Nos primeiros 35 minutos de seu discurso, Trump dedicou-se a falar do muro que pretende construir na fronteira com o México. Num dos momentos mais aplaudidos, disse que o construção não dificultaria a contratação de migrantes para a agricultura - "Vocês precisam dessa gente". Nos sete minutos seguintes dedicou-se aos feitos na redução de impostos e na desregulamentação do setor.

Foi aos 43 minutos que começou a falar da concorrência no agronegócio mundial. Disse que o país assistia ao declínio da participação americana. "O que estou interessado é na América primeiro", disse, fazendo uso de seu bordão de campanha. O presidente americano citou que a Argentina, pela primeira vez em um quarto de século, abriu-se às exportações americanas de suínos - "Quando eles me pedem algo, digo, ok, mas antes me abram mercado" - e que o Japão passou a comprar as batatas de seu país.

A menção ao Brasil veio aos 47 minutos do discurso: "Temos, pela primeira vez desde 2003, a exportação de carne americana exportada para o Brasil". Deu uma parada e acrescentou o comentário: "Eles têm um novo grande líder. Dizem que ele é o Donald Trump da América do Sul". Nesse momento, com absoluto domínio de palco, perguntou, em tom de ironia, à plateia: "Vocês acreditam nisso?". Arrancou uma das mais prolongadas salva de palmas do show e foi em frente: "E ele está feliz com isso. Se não estivesse eu não gostaria do país, mas eu gosto dele [Bolsonaro]".

Depois da menção ao Brasil, Trump citou a abertura do mercado chinês, também à carne americana, "pela primeira vez em anos". E se disse disposto a reagir ao que chamou de 'roubo' de tecnologia de sementes desenvolvida em seu país. O discurso laudatório aos produtores rurais americanos terminou com uma ovação: "A grande colheita ainda está por vir. A agricultura americana será maior do que nunca".

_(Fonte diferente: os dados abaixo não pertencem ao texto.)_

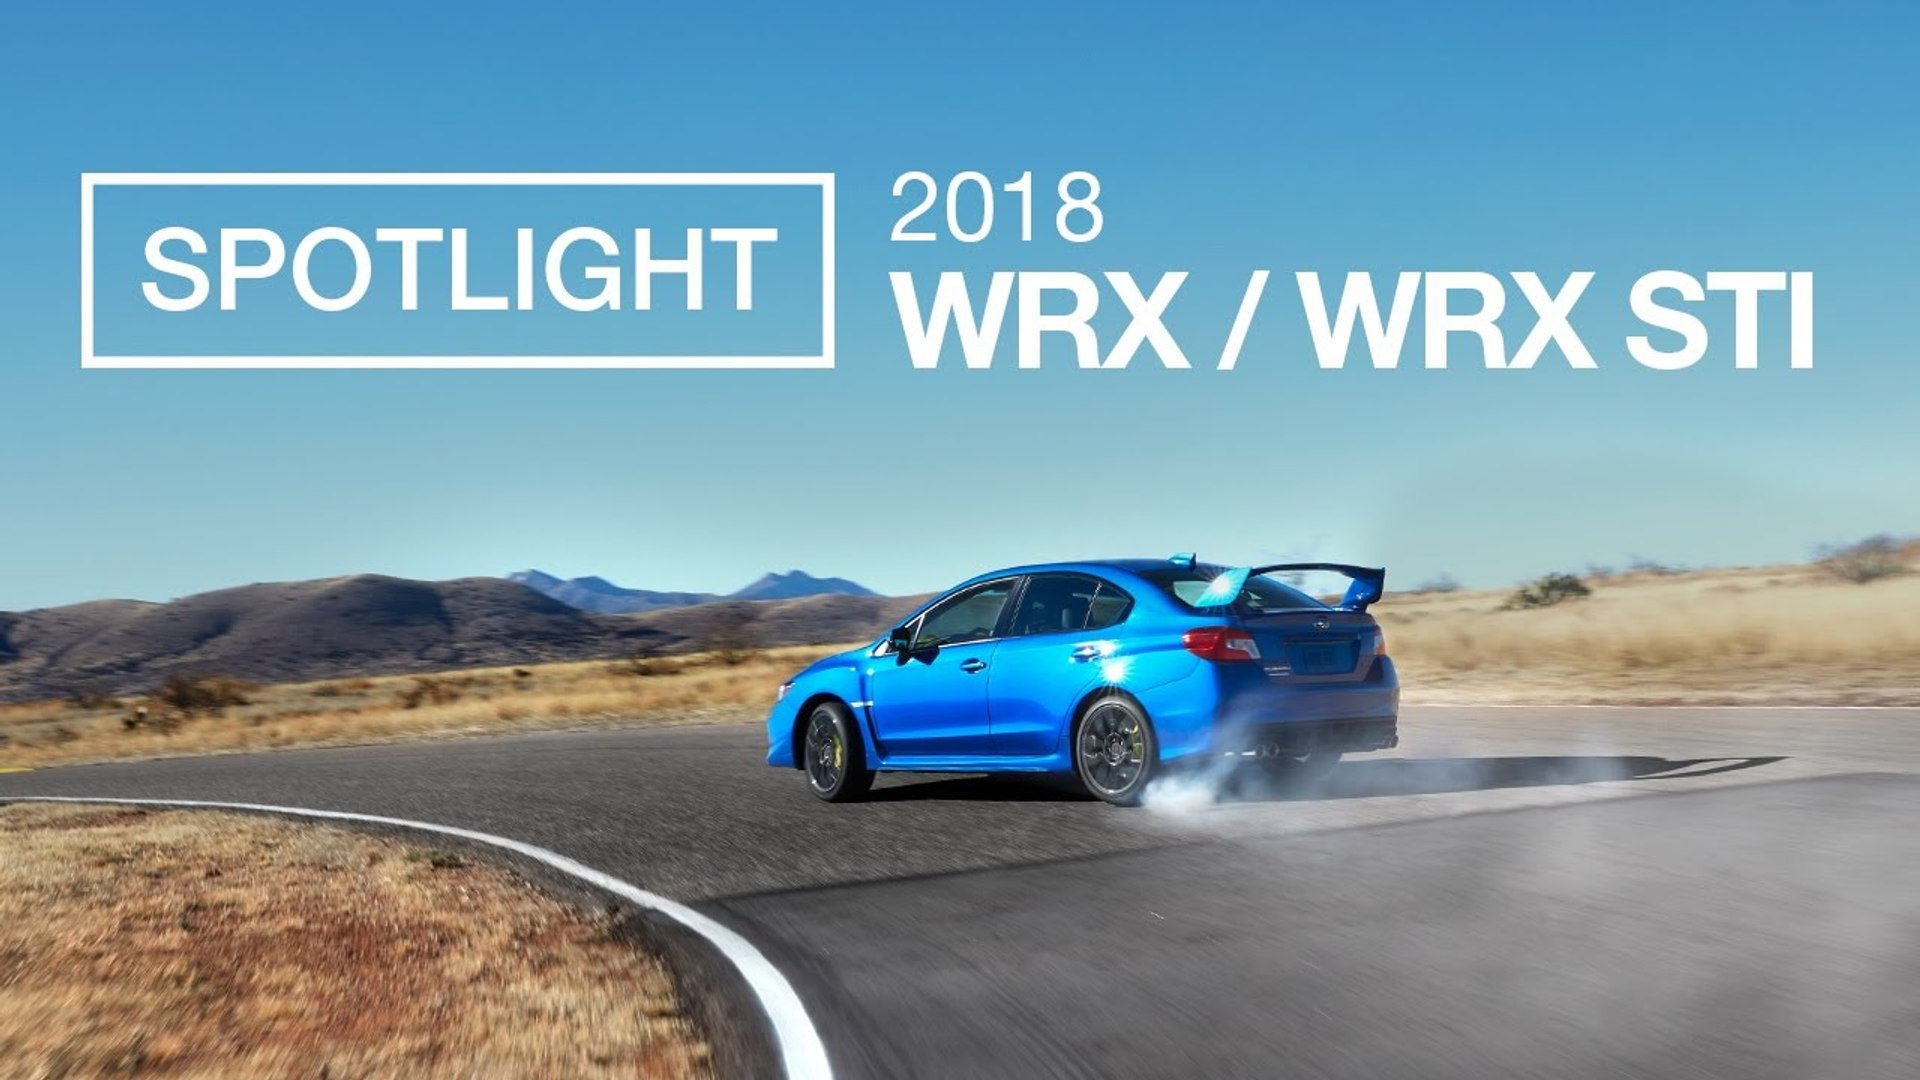 The New 2018 Subaru WRX and WRX STI - Spotlight

Foi a primeira vez, em décadas, que um presidente americano compareceu à convenção anual da mais tradicional associação de lobby do agronegócio do país (Farm Bureau). Precisava conter as insatisfações do setor com o bloqueio orçamentário nem que para isso precise radicalizar a retórica da guerra comercial.

Se Trump elogiou algo no Brasil foi a subalternidade. Preza o desejo do presidente Jair Bolsonaro de replicá-lo porque assim acredita fazer valer os interesses de seu país. Na visão externada pelo presidente americano, o colega brasileiro está feliz por se achar parecido com ele, o que deve ser motivo de dúvida mas é a única razão pela qual ele gosta do Brasil.

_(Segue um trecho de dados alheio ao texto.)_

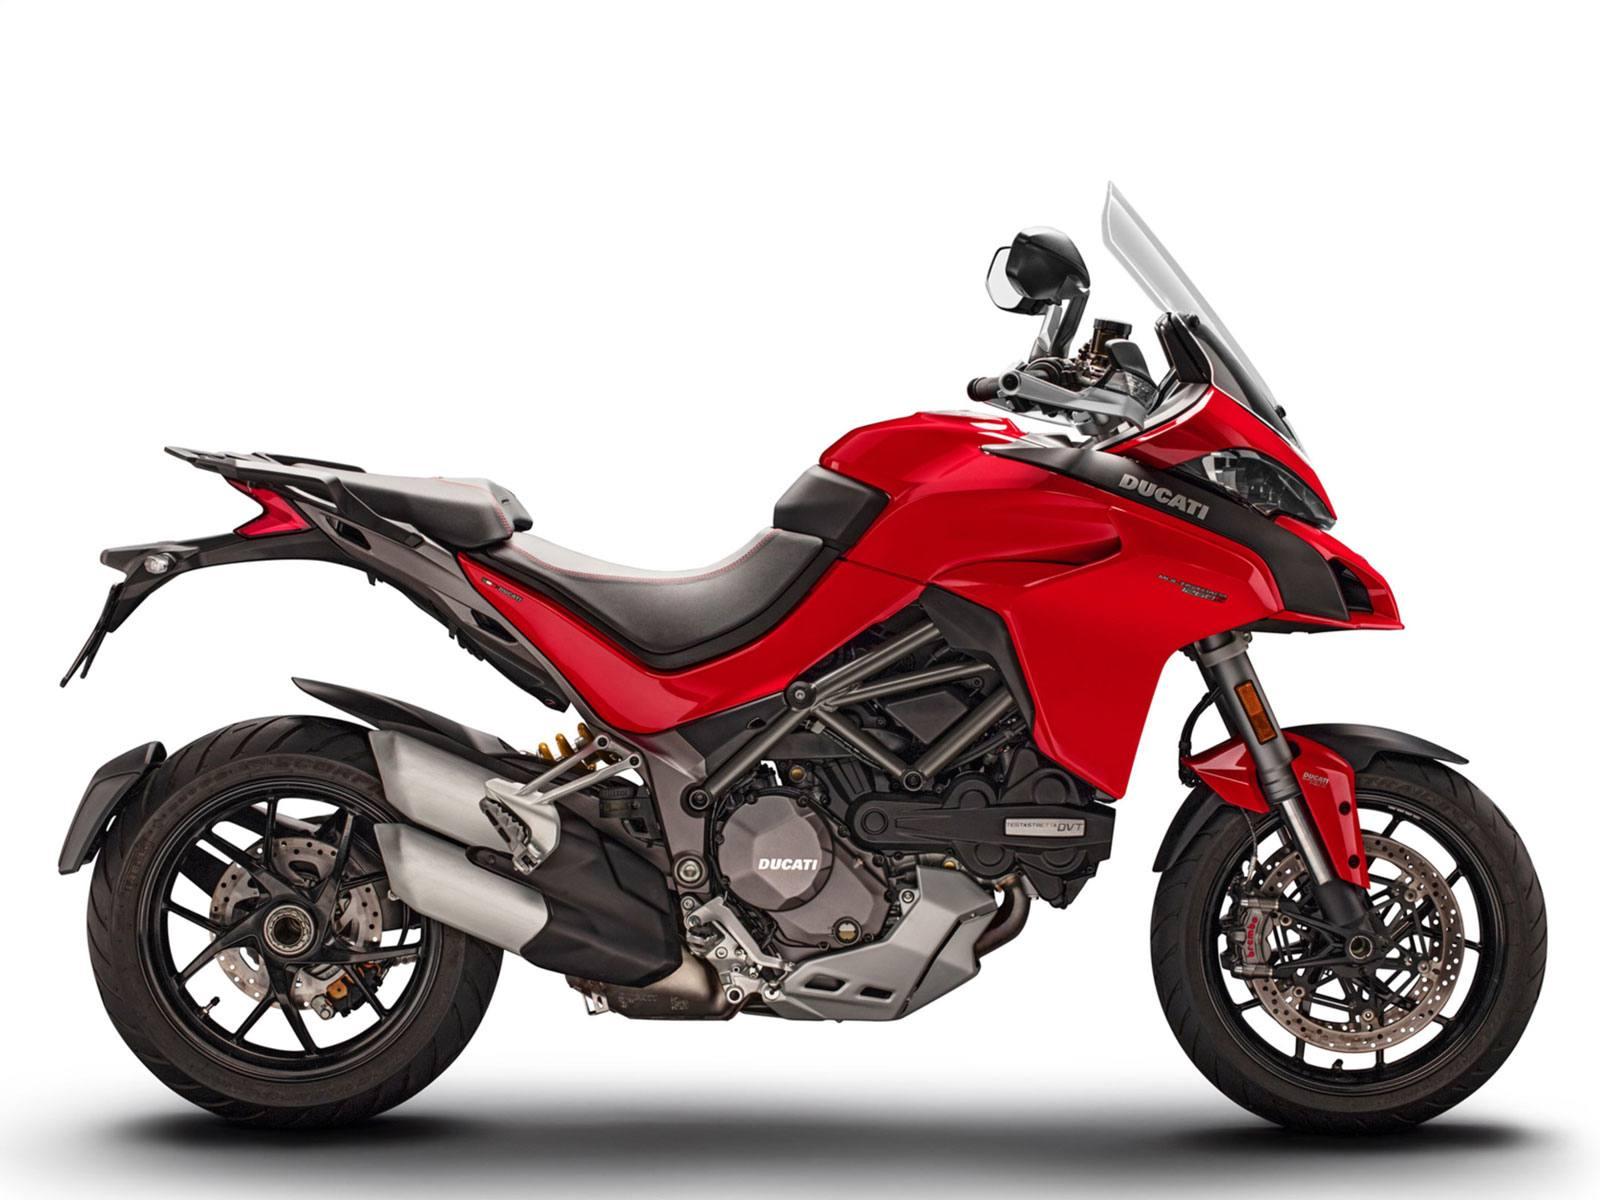 Мотоцикл DUCATI Multistrada 1260 S - Ducati Red (2019)

Foi como dissesse, ok, mr. Bolsonaro o senhor deve me imitar não porque um dia vá conseguir ser um clone, mas porque é a única condição de eu levar seu país em consideração. Tudo isso num evento do setor em que o Brasil tem sua mais competitiva presença na economia mundial. É mais fácil acreditar nos fastos rendimentos do negociante de Passats e Belinas do que na percepção de que o discurso do presidente americano vai ao encontro dos interesses nacionais.

Bolsonaro não arrancou tamanha deferência de uma hora para outra. Quarenta e seis dias se passaram entre o discurso e a continência prestada por Bolsonaro a John Bolton, quando o conselheiro de segurança nacional do governo americano o visitou em sua casa no Rio. Integrante da Associação Nacional do Rifle, mais poderoso lobby pró-armas do Brasil, Bolton foi um dos principais responsáveis pela demissão do diplomata brasileiro José Maurício Bustani que, à frente do Órgão para Proibição de Armas Químicas, das Nações Unidas, atestou a inexistência de armas químicas no Iraque.

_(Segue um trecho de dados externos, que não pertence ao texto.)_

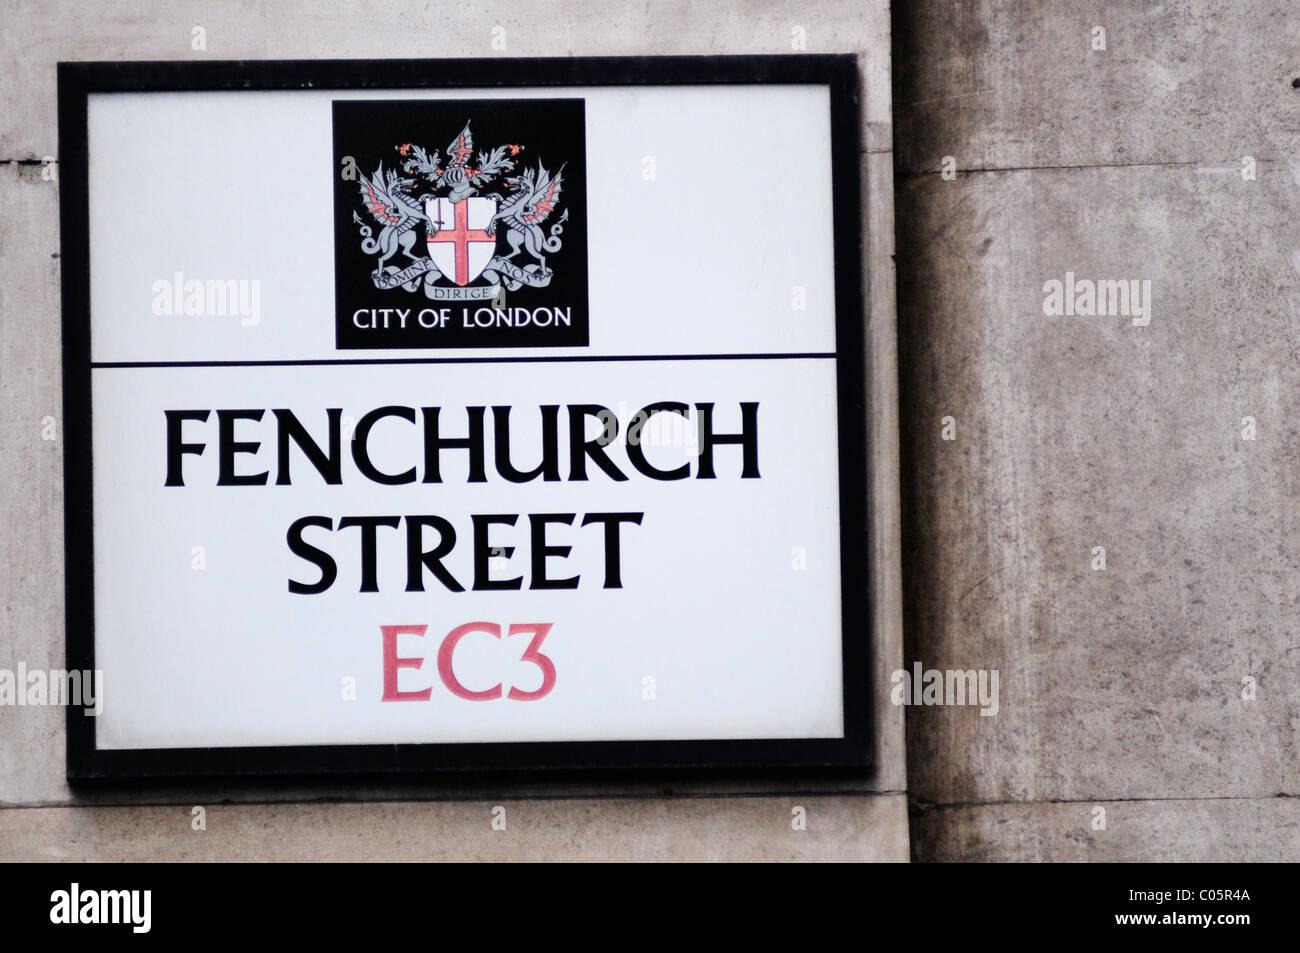 Fenchurch Street EC3 Street Sign, London, England, UK - Stock Image

O deboche do presidente americano aconteceu ainda dois meses depois da escolha do chanceler Ernesto Araújo que aposta em sua liderança como a salvação do Ocidente e vem fazendo eco à sua política externa. A retórica beirando o escárnio do novo messias da civilização ocidental veio depois da propalada intenção de Bolsonaro de abrir o território nacional a uma base militar americana, gostosamente saudada pelo secretário de Estado, Mike Pompeo.

O impetuoso alinhamento foi freado por intervenção dos generais do governo mas vê-se, pelo discurso de Trump, que não se deu sem danos à imagem do Brasil. Com um governo cada vez mais da caserna, é natural que ganhe escopo a defesa da corporação nas reformas do Estado que aí virão. Mas só um esforço, de igual monta, poderá conter a desenvoltura com a qual este governo afronta os símbolos da soberania.

A designação de mais um general da reserva, como Sérgio Etchegoyen, para a embaixada brasileira em Washington, como chegou a ser cogitado, mais serviria para tornar mais tensas as relações entre Itamaraty e Forças Armadas do que para dar conta das inquietações sobre o futuro das relações externas do país.

Se o chanceler Ernesto Araújo tem prazo de validade, o passe de quatro anos do presidente da República, renovável por mais quatro, oferece tempo suficiente para que o dogmatismo, dissociado dos interesses permanentes do Estado nacional, leve a danos sempre mais fáceis de serem disseminados do que revertidos.

A retaguarda burocrática de Brasília e da representação brasileira em organismos internacionais até podem segurar os impactos da nova ideologia do poder no cotidiano do governo, mas na diplomacia a retórica não é inócua. E arrisca se refletir na capacidade política do Brasil de articular os acordos de que precisa para manter a salvo o desenvolvimento nacional. Na diplomacia, o único clone possível da América em primeiro lugar é o Brasil em último.